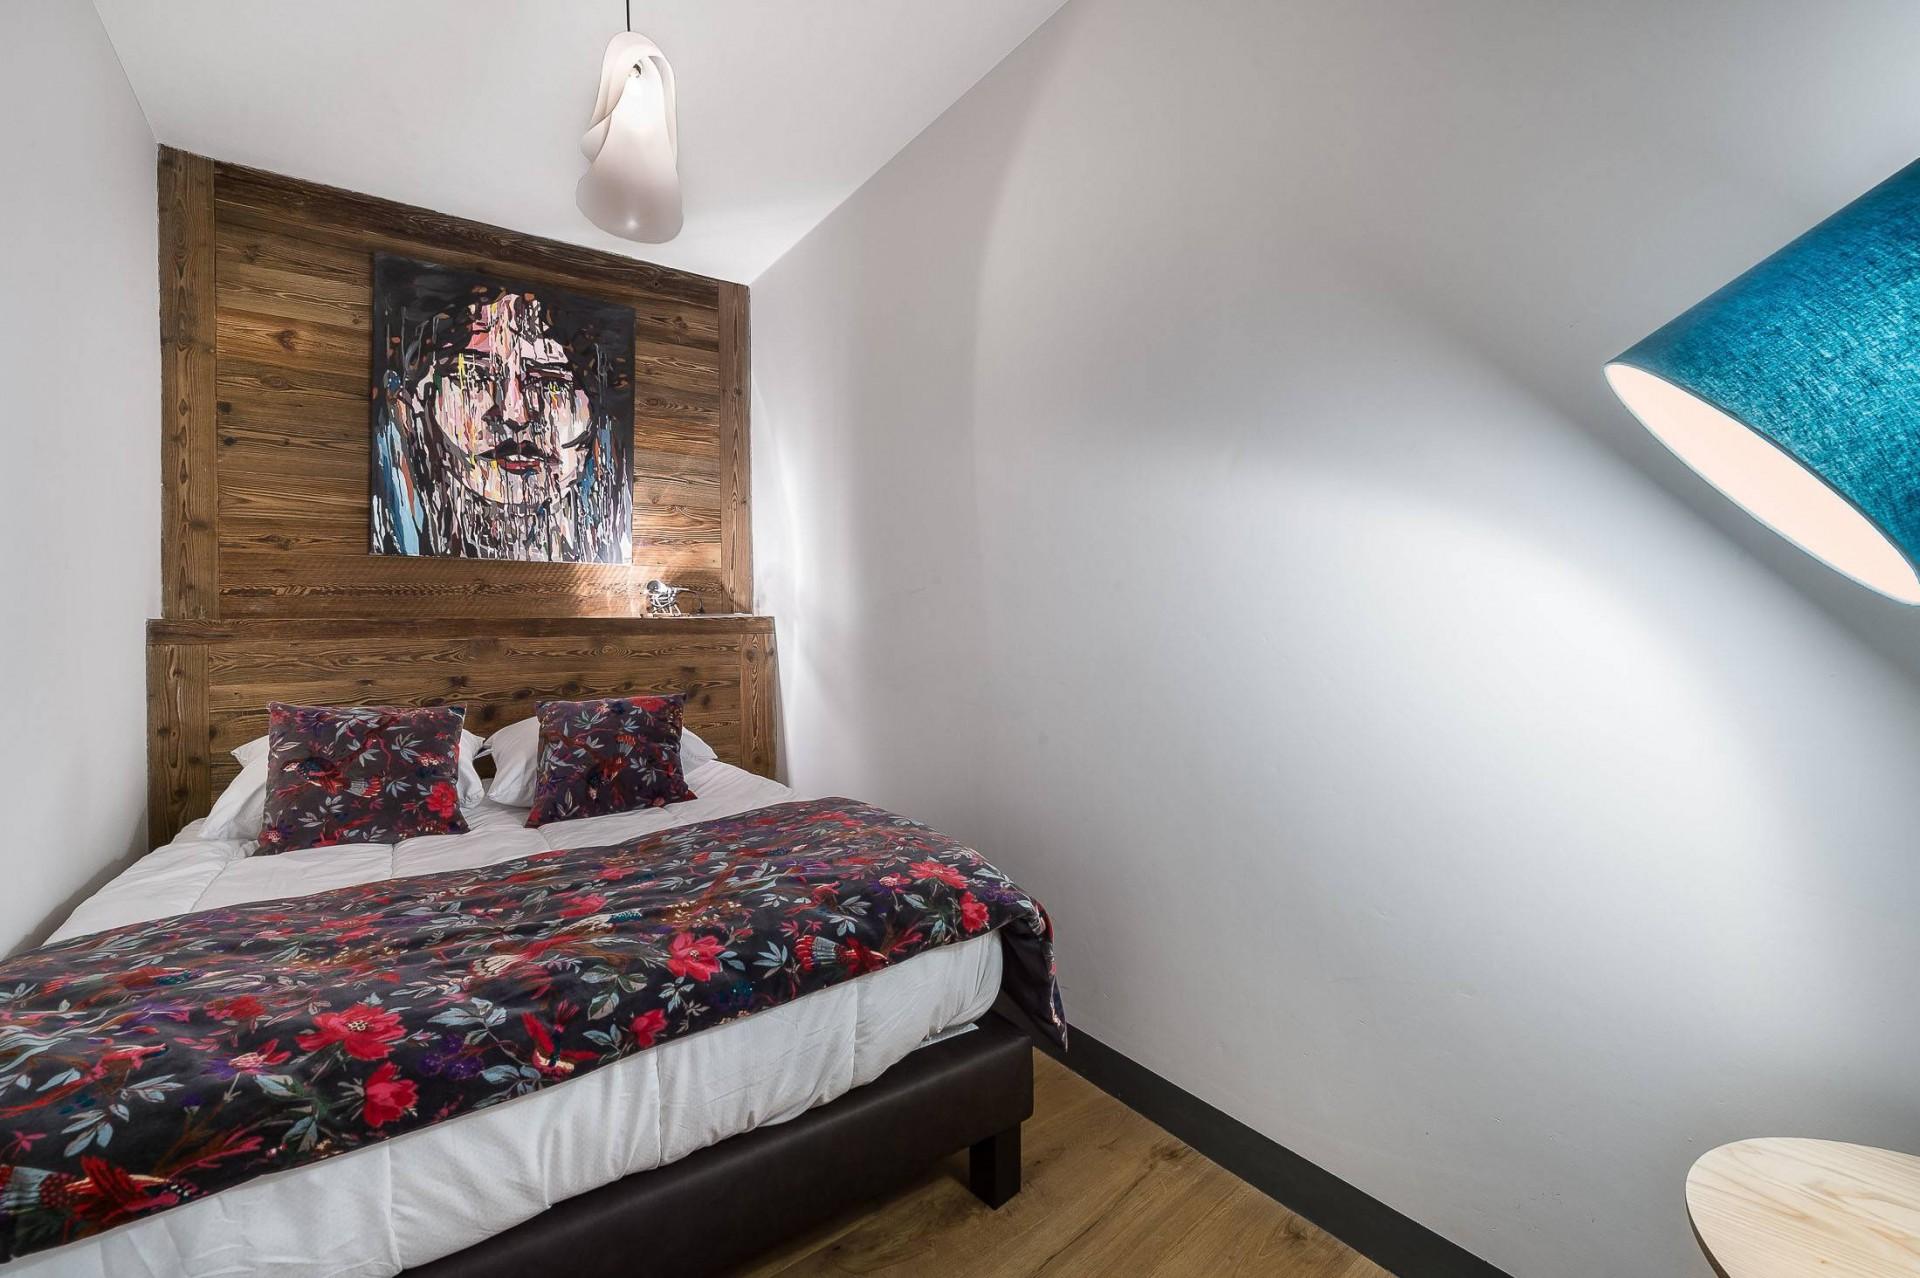 Val d'Isère Location Appartement Luxe Ucelite Chambre 2
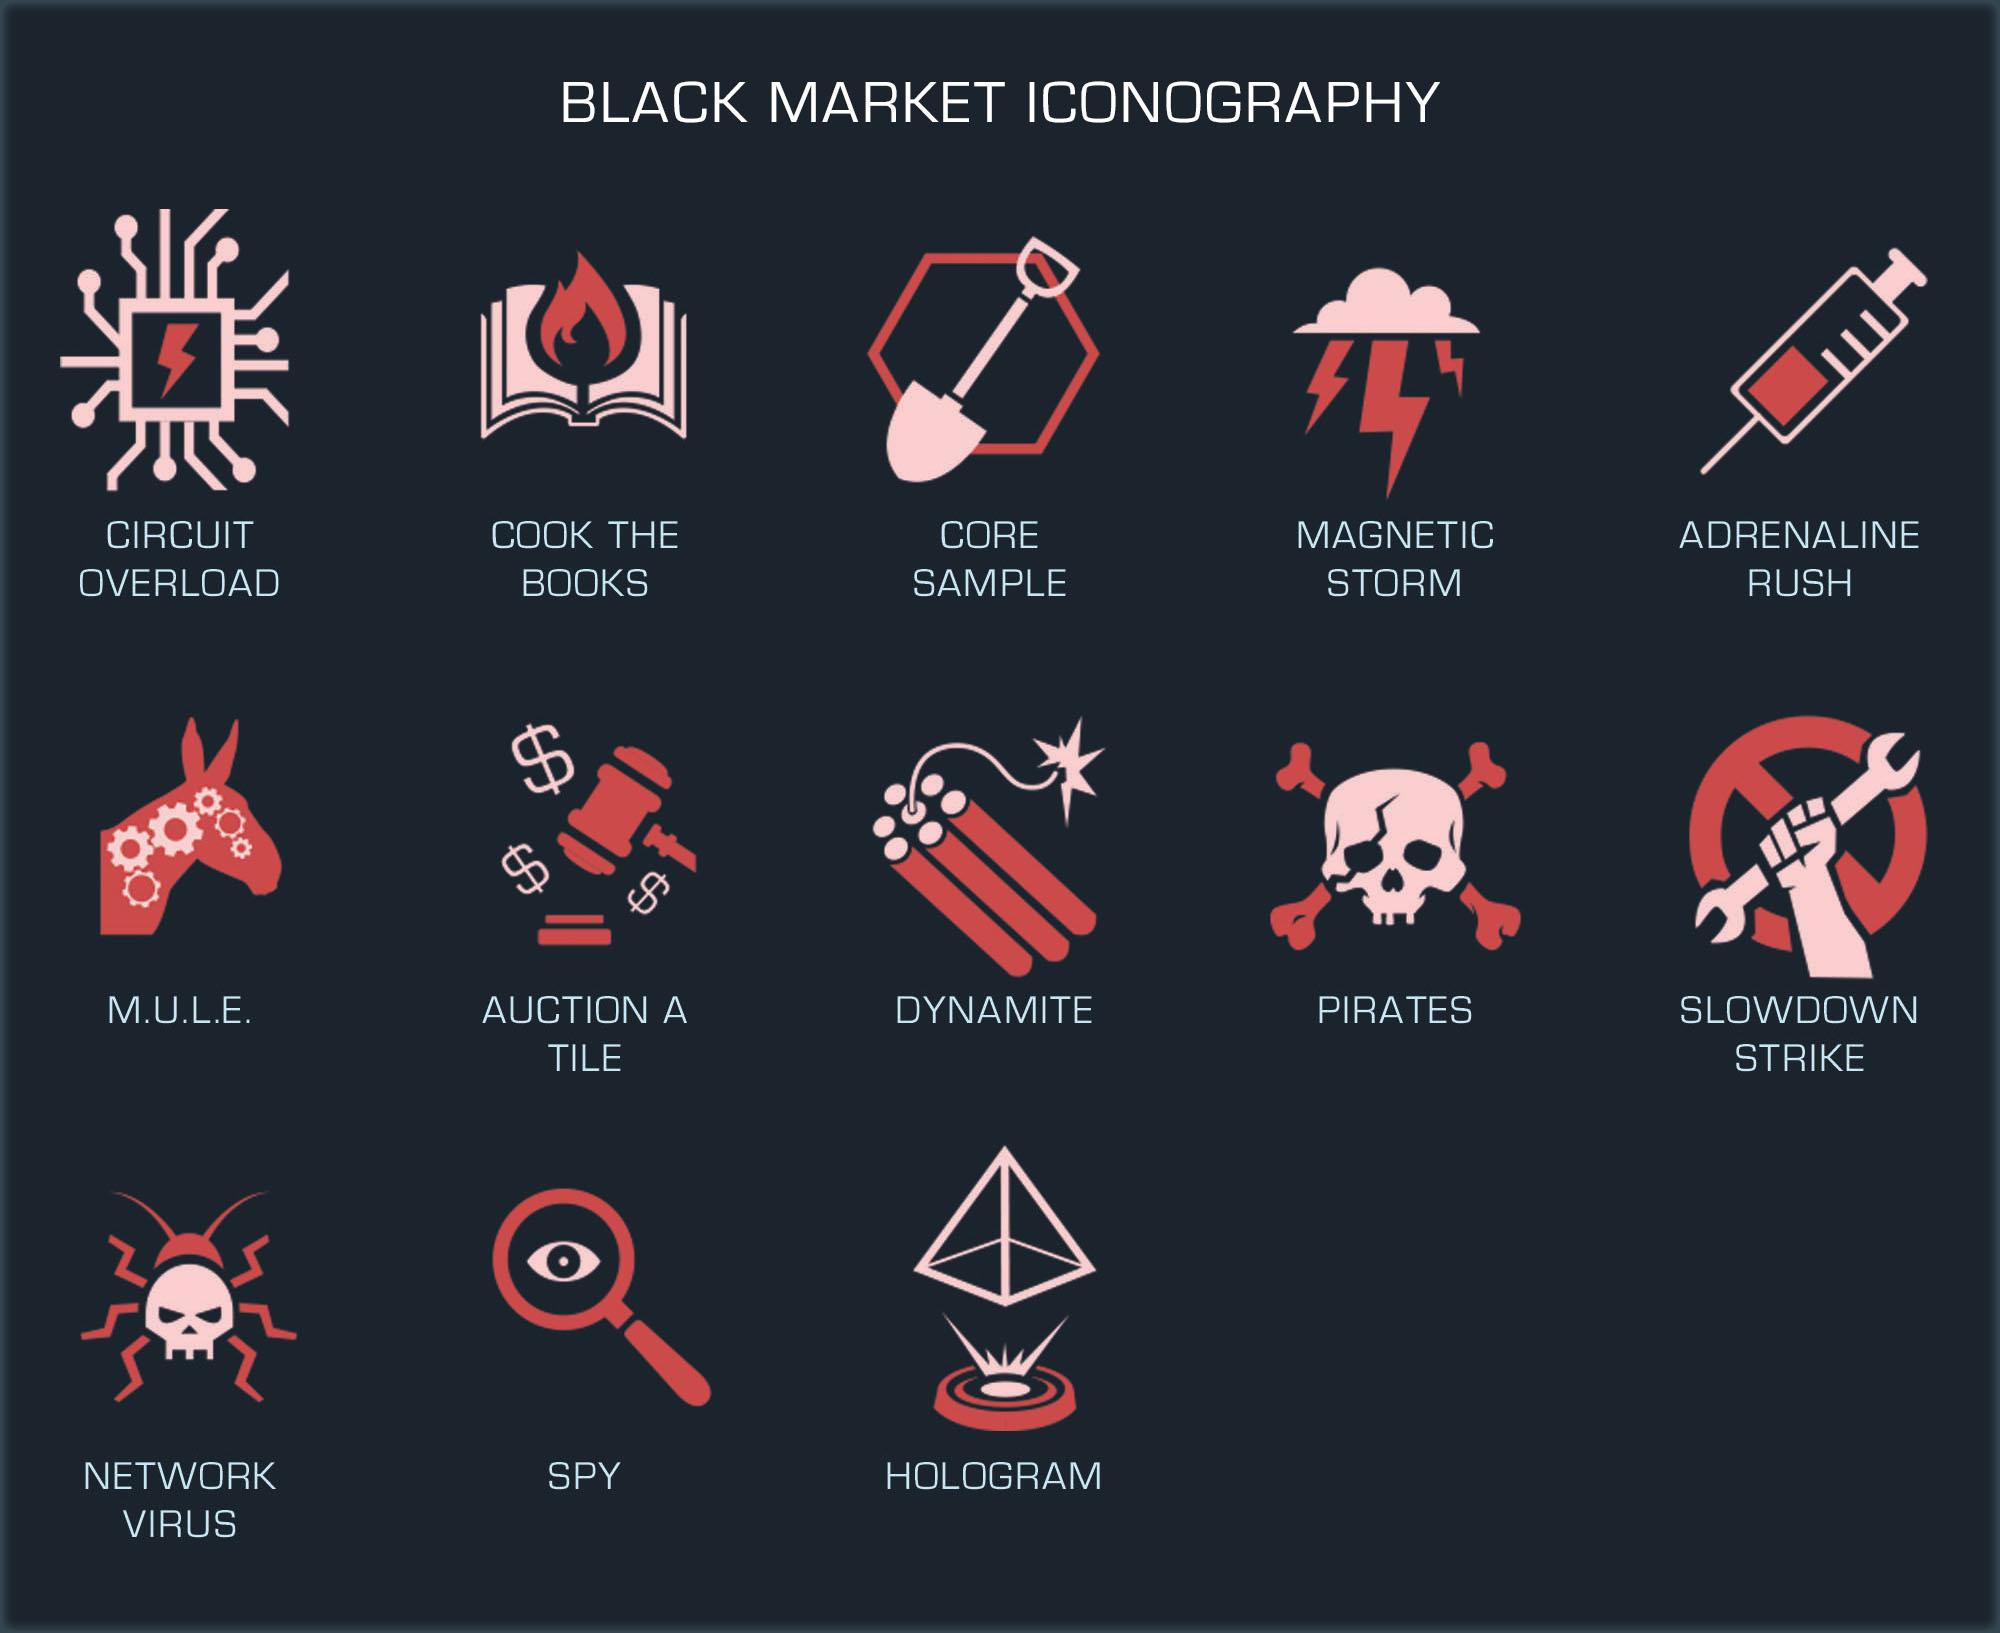 Black Market Iconography
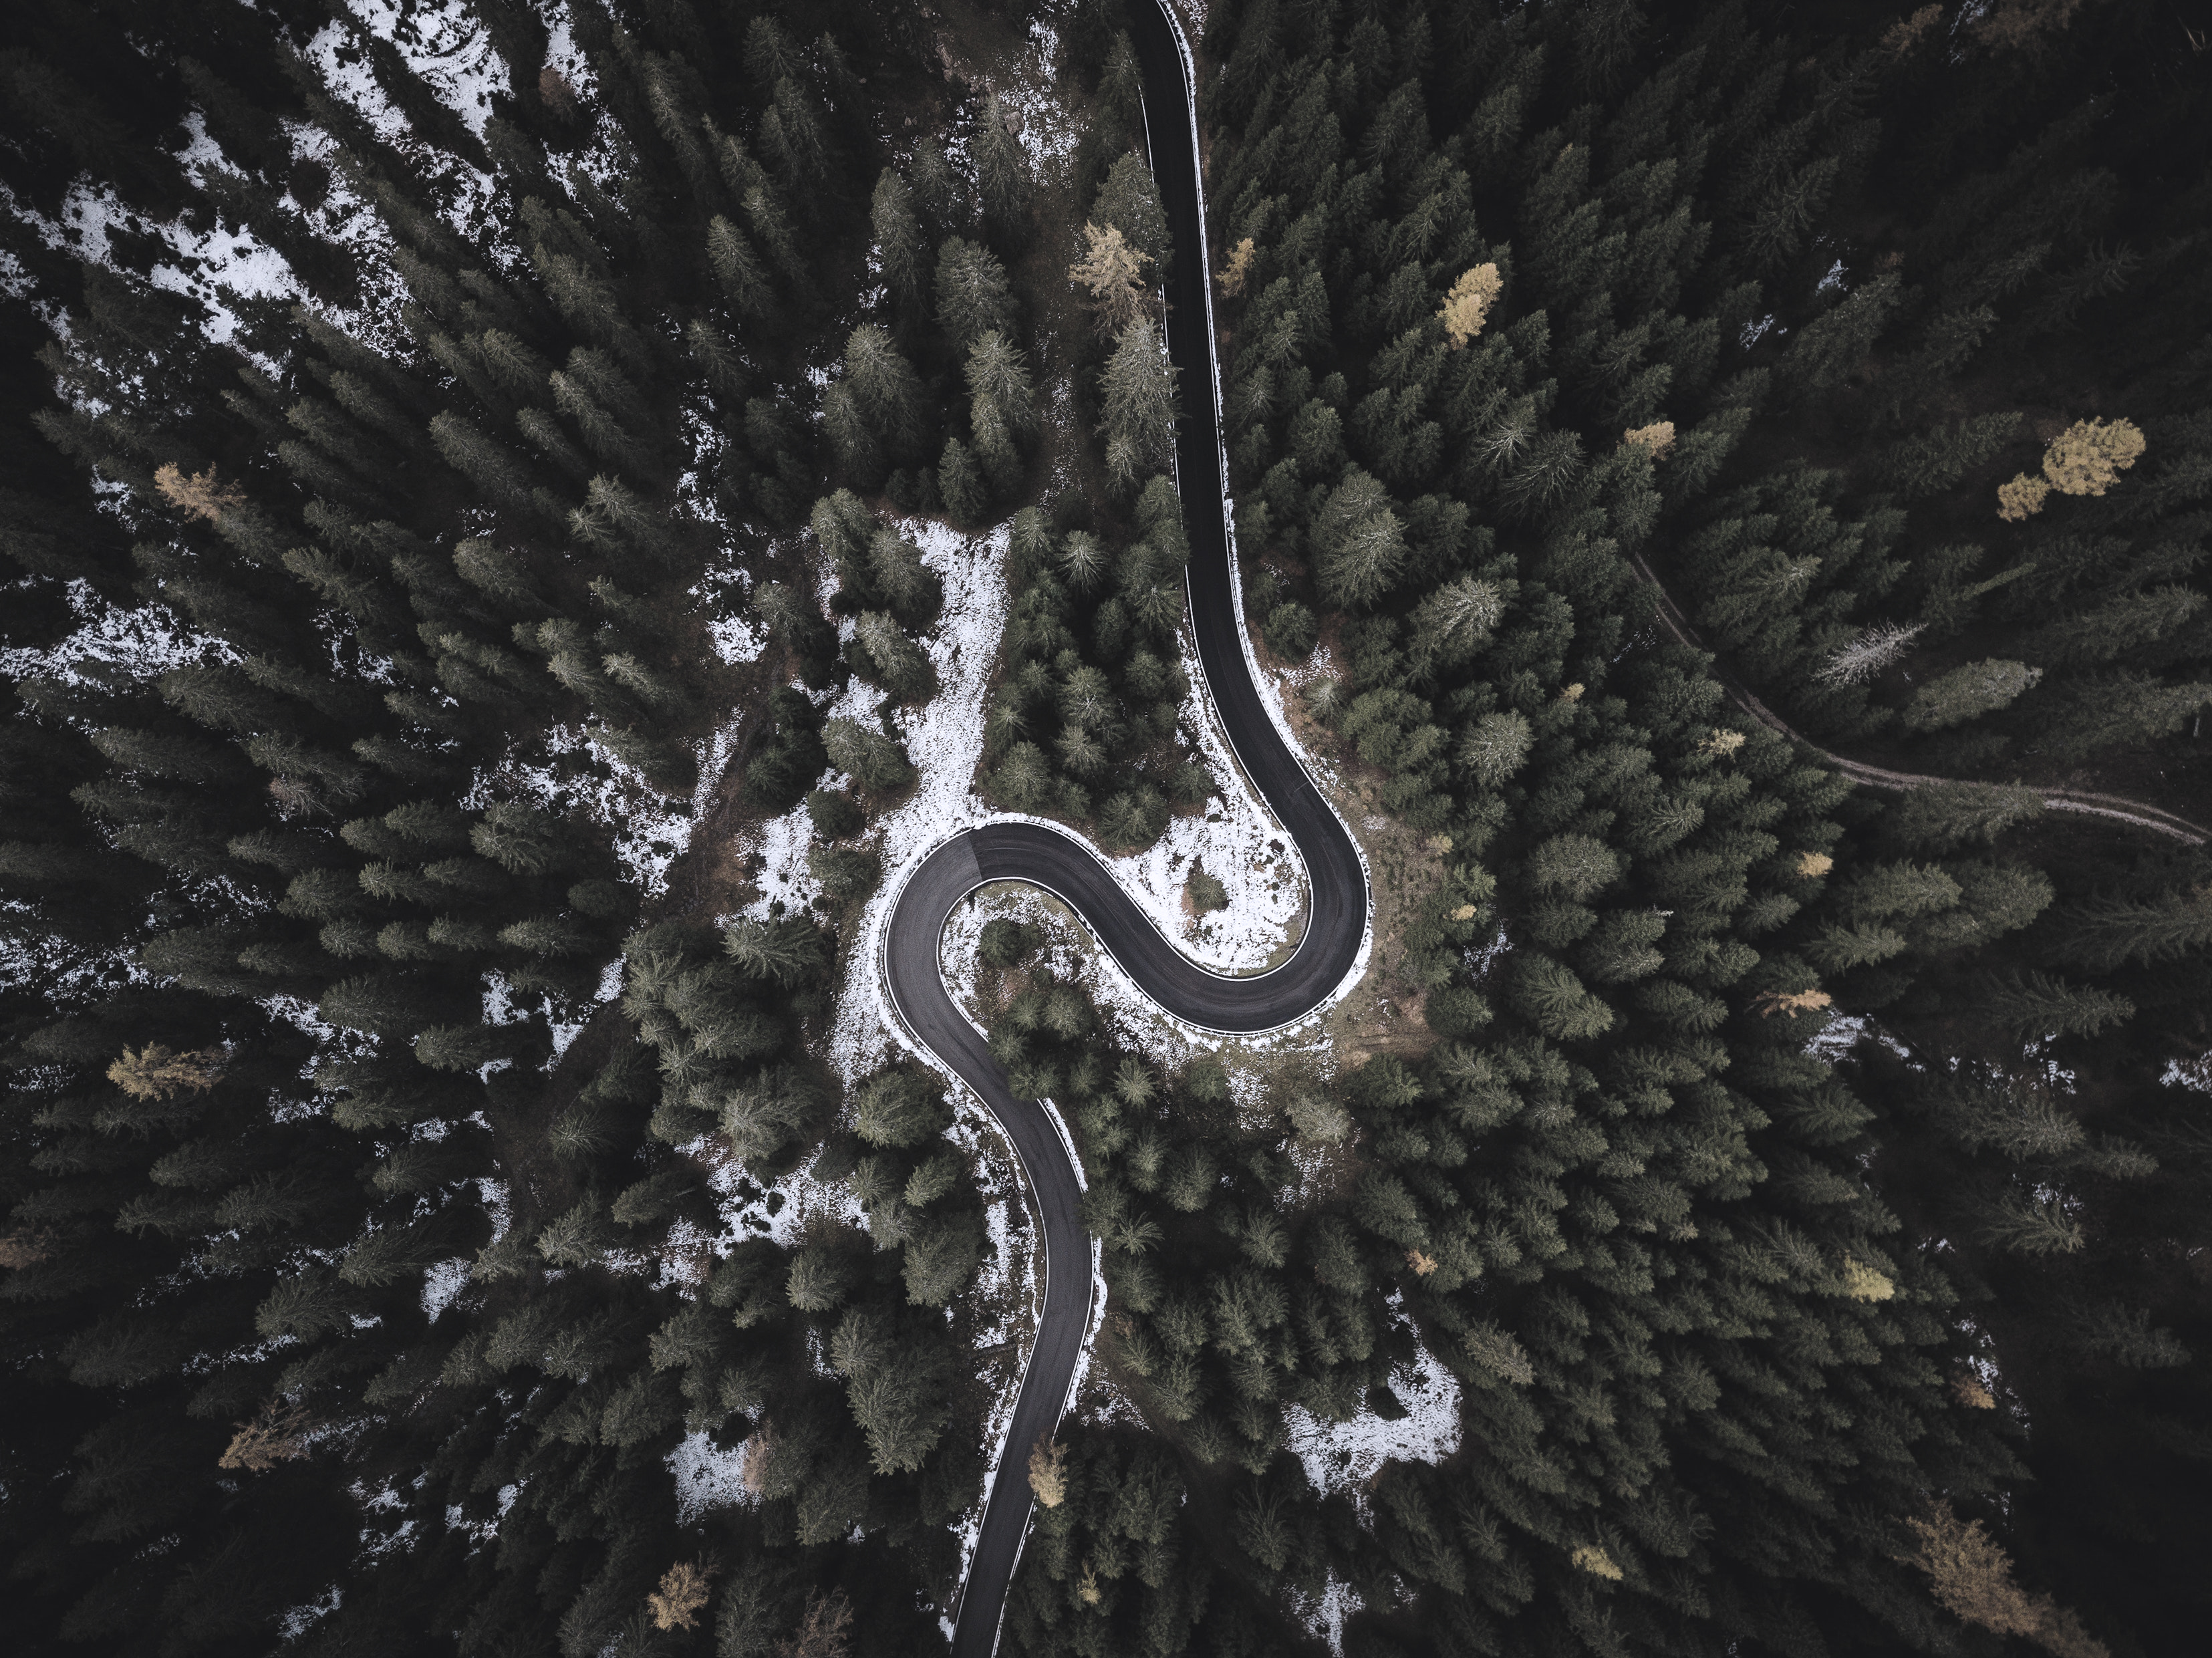 bird-s-eye-view-conifers-curve-1624600

* WORK TASK: Retype the listing exactly. Leave the pictures out.

* RESPONSE TO THIS TASK:
 Val d'Isère Location Appartement Luxe Ucelite Chambre 2
 Black Market Iconography
 bird-s-eye-view-conifers-curve-1624600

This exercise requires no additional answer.